● **WHAT YOU HAVE TO DO**:
Your task is to restate the listing word for word without the pictures.

[[ DATA BLOCK open ]]

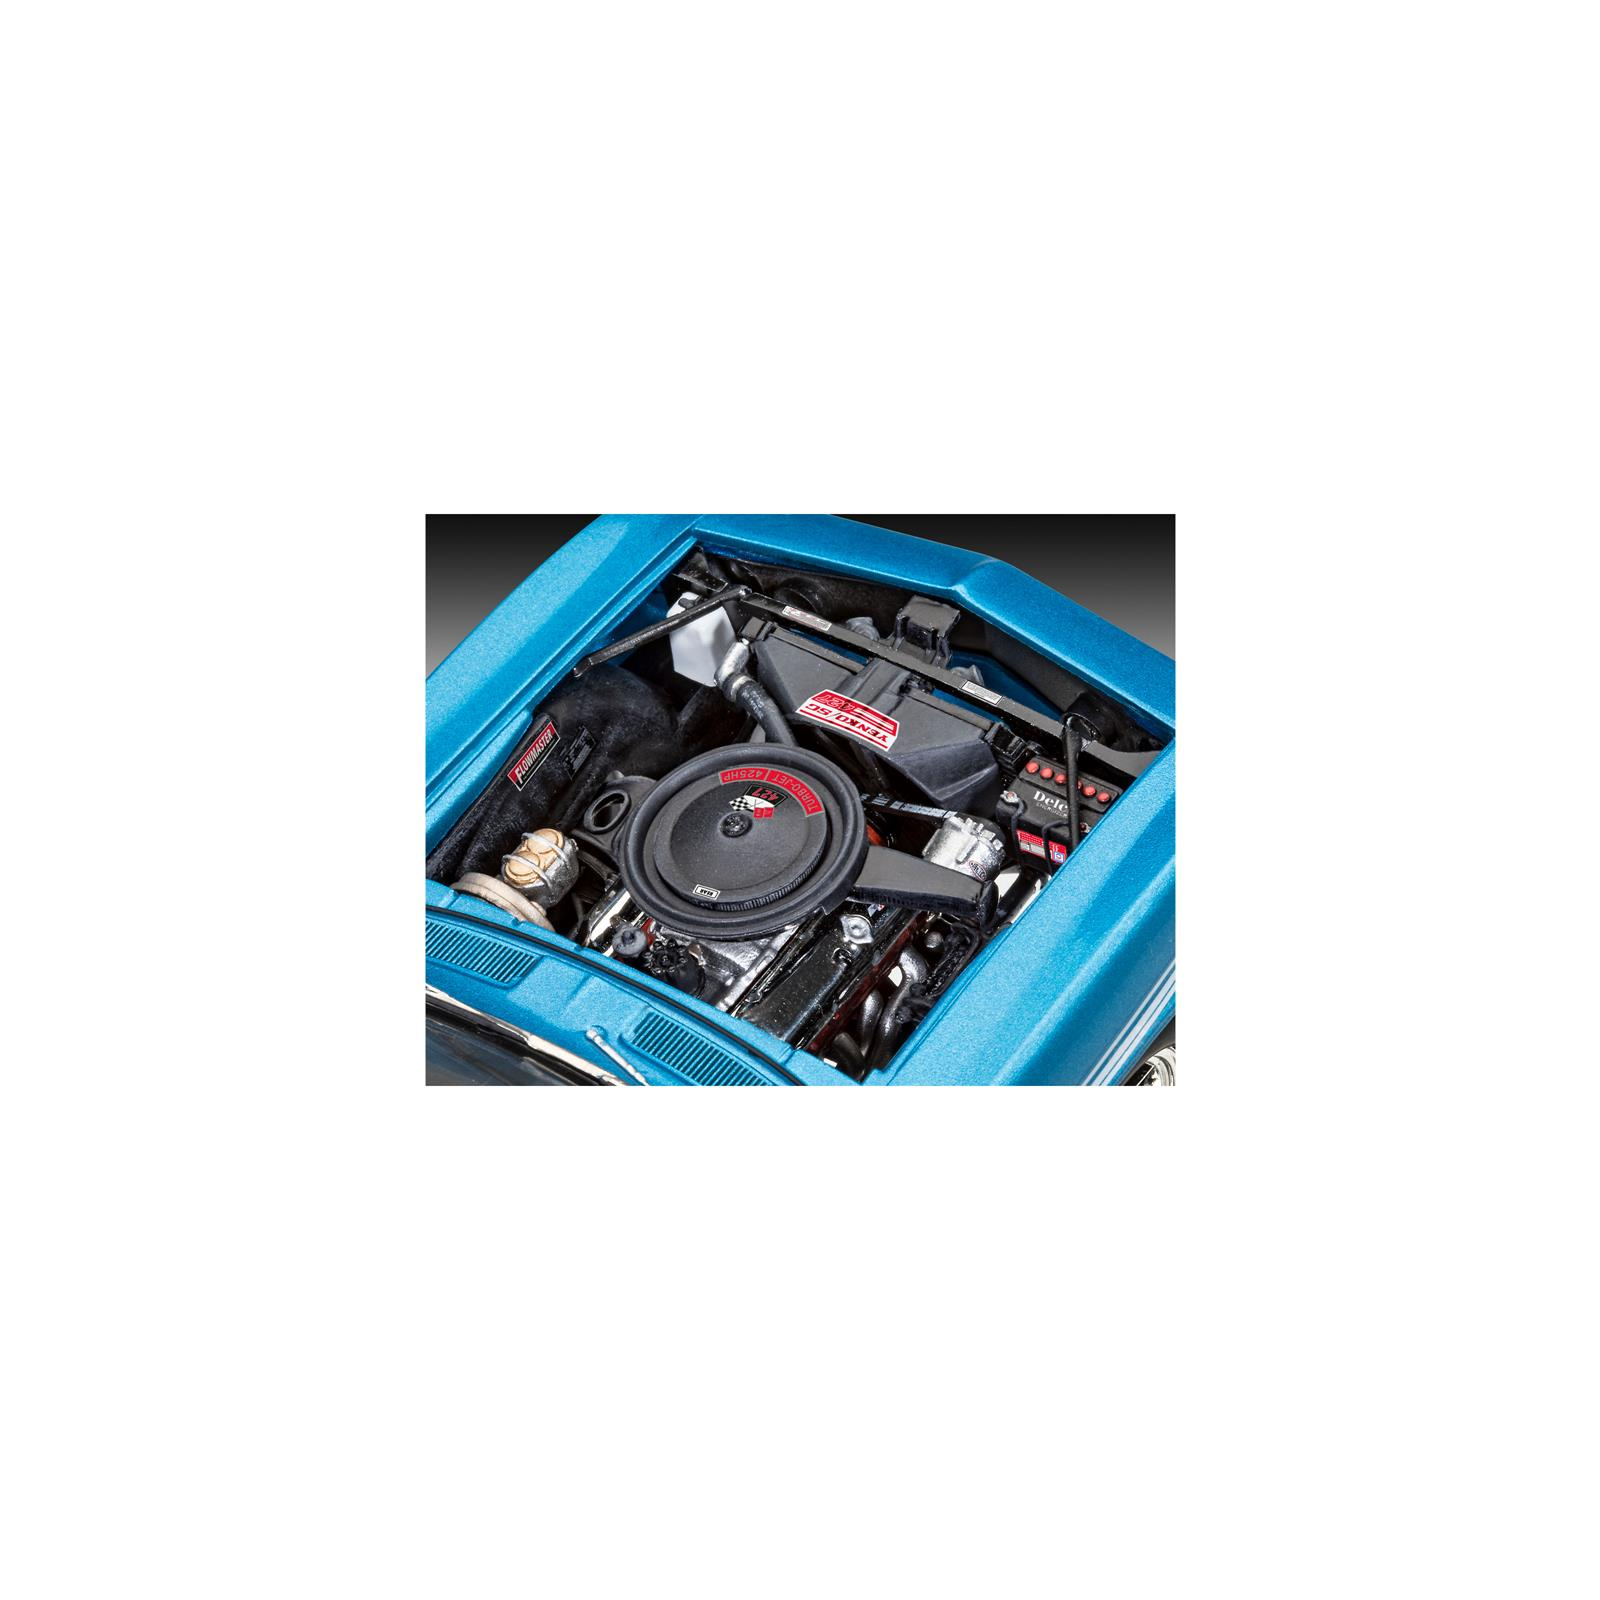 Збірна модель Revell Chevy Camaro Yenko 1969 з к/ф Форсаж рівень 5, 1:25 (RVL-07694) зображення 5
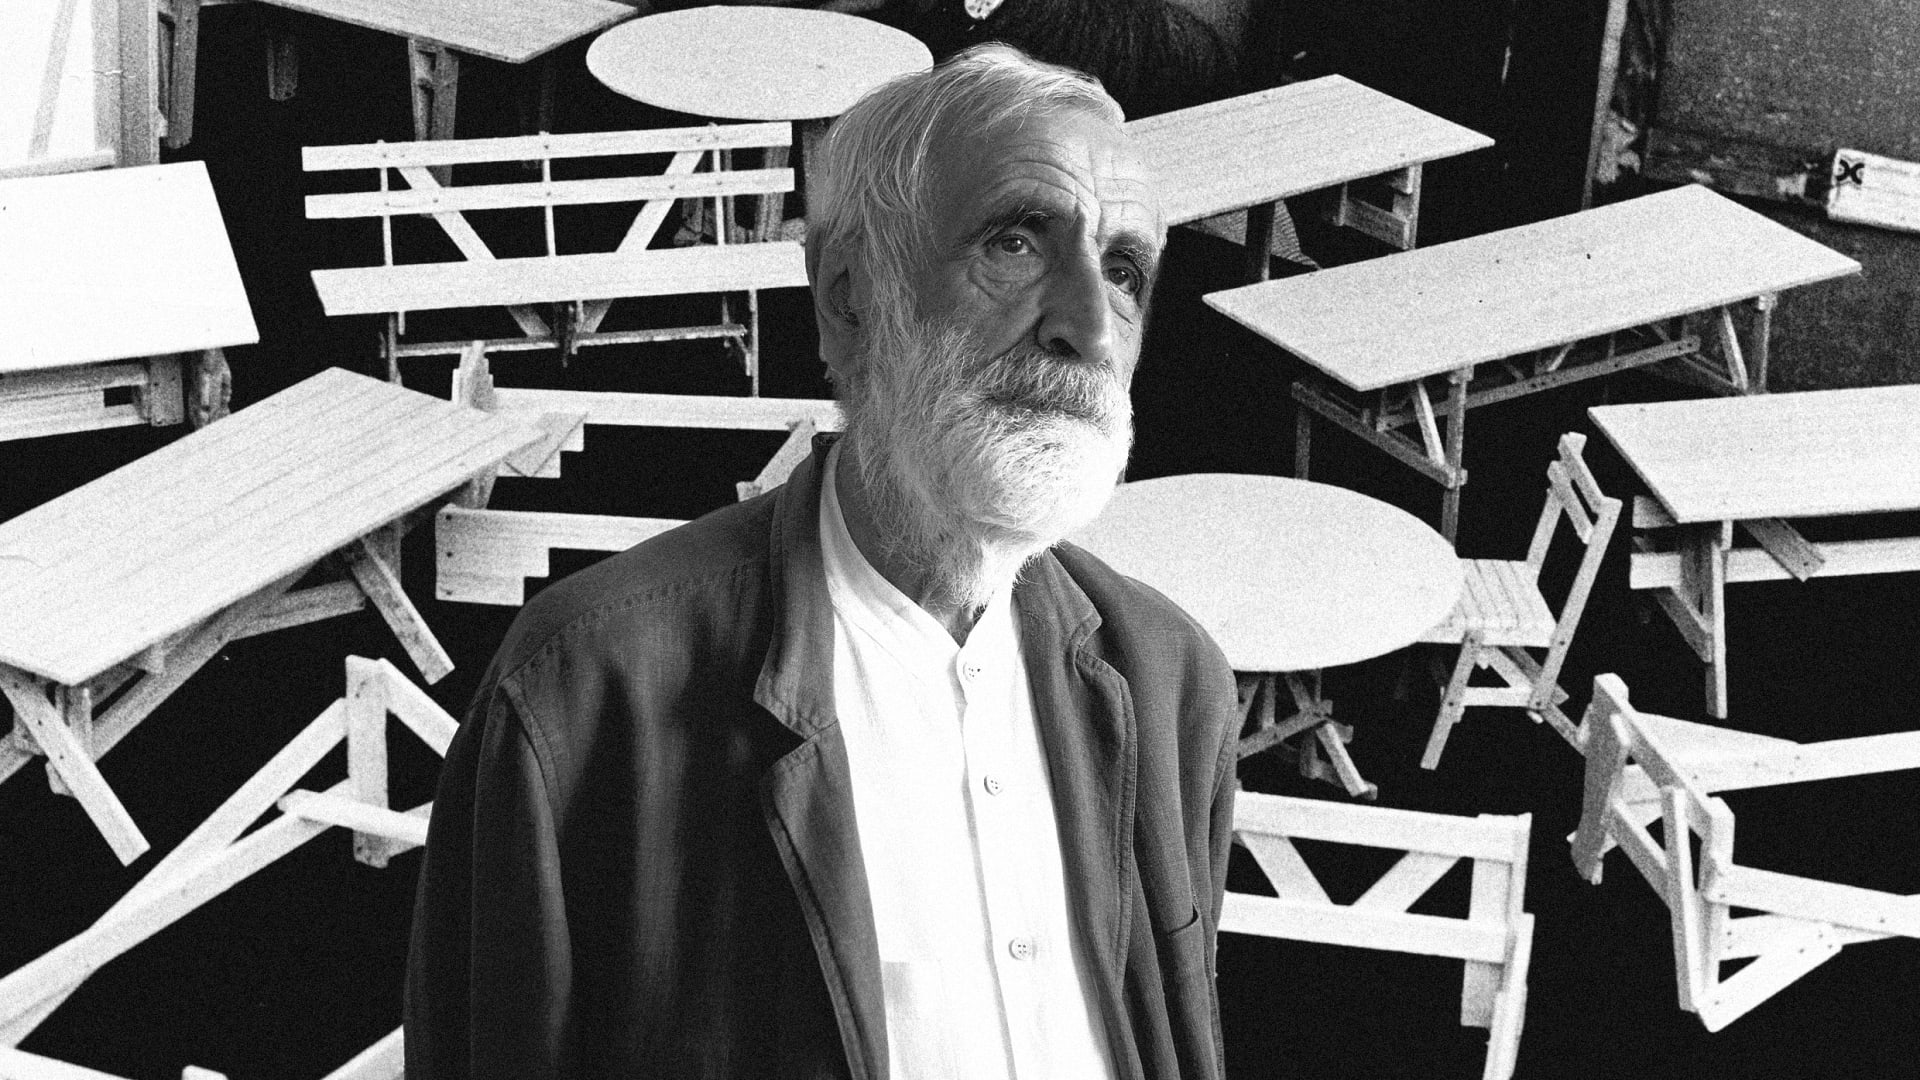 Remembering design legend Enzo Mari, the forefather of DIY furniture
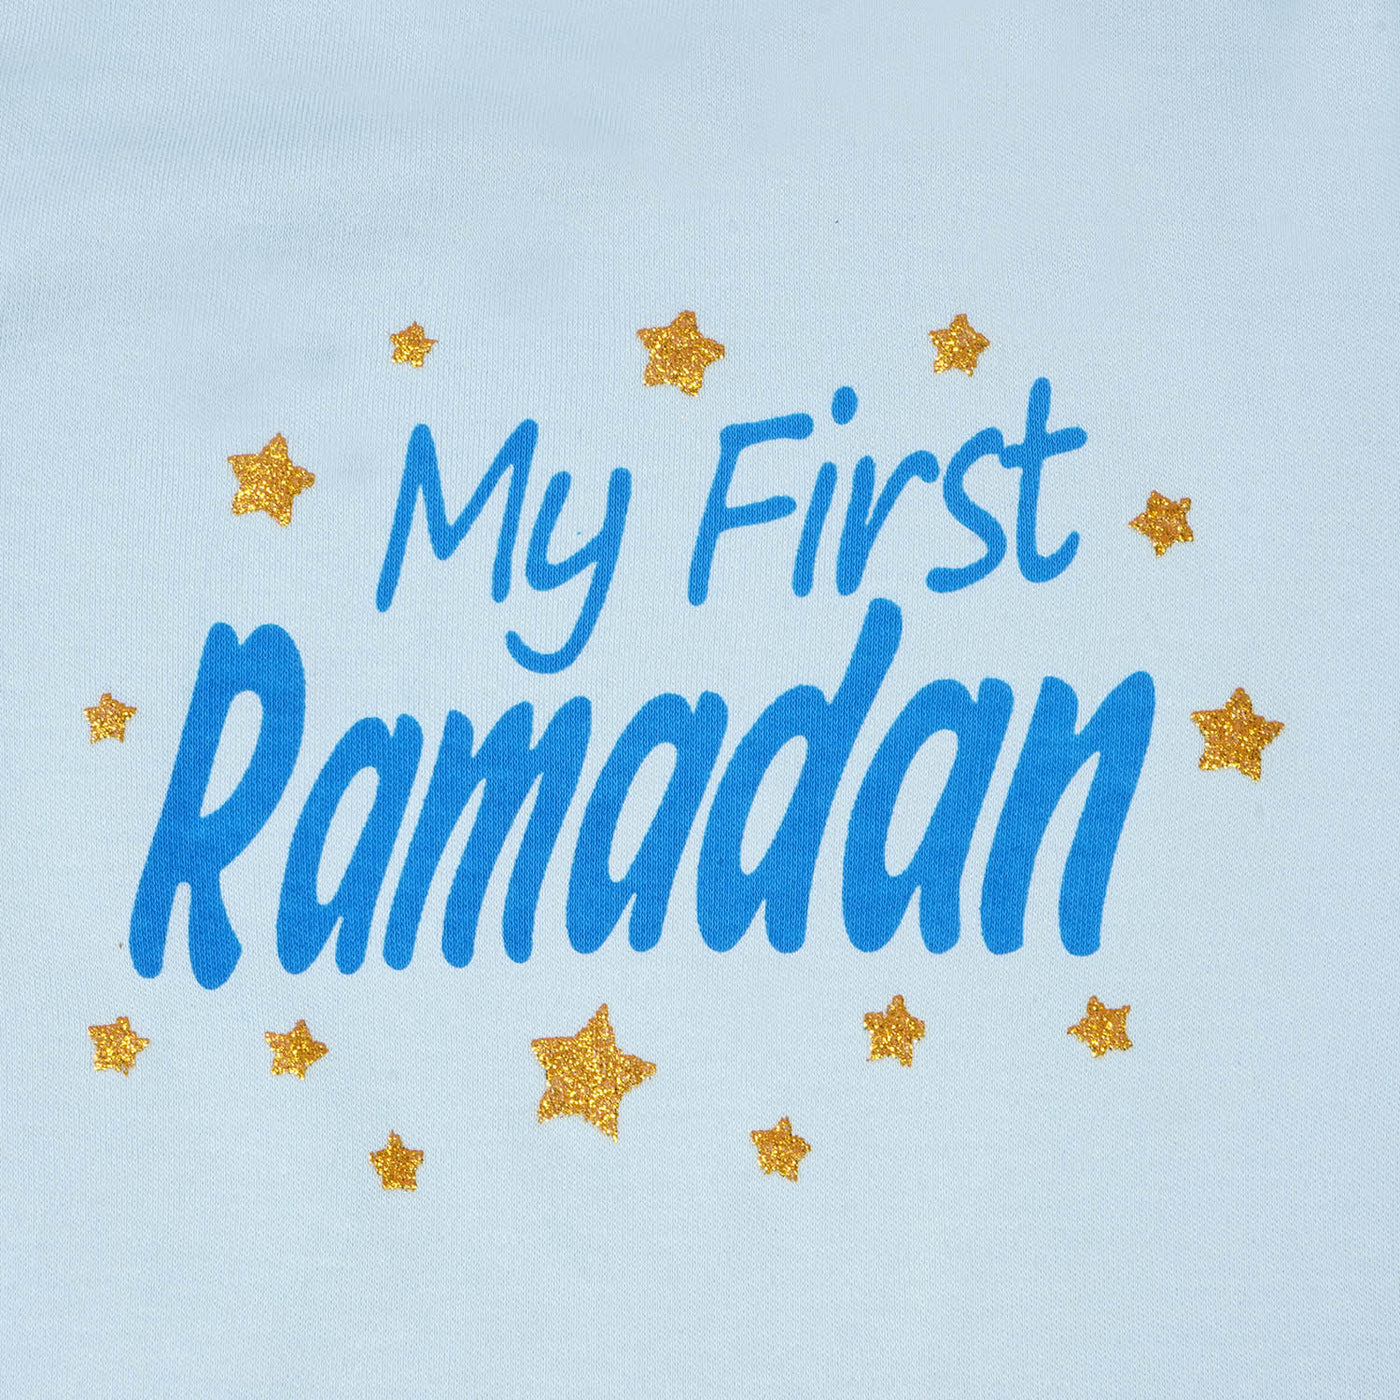 Infant Unisex Cotton Romper First Ramadan - Blue

[[ DATA BLOCK closed ]]

● **TASK OUTPUT**:
 Збірна модель Revell Chevy Camaro Yenko 1969 з к/ф Форсаж рівень 5, 1:25 (RVL-07694) зображення 5
 Remembering design legend Enzo Mari, the forefather of DIY furniture
 Infant Unisex Cotton Romper First Ramadan - Blue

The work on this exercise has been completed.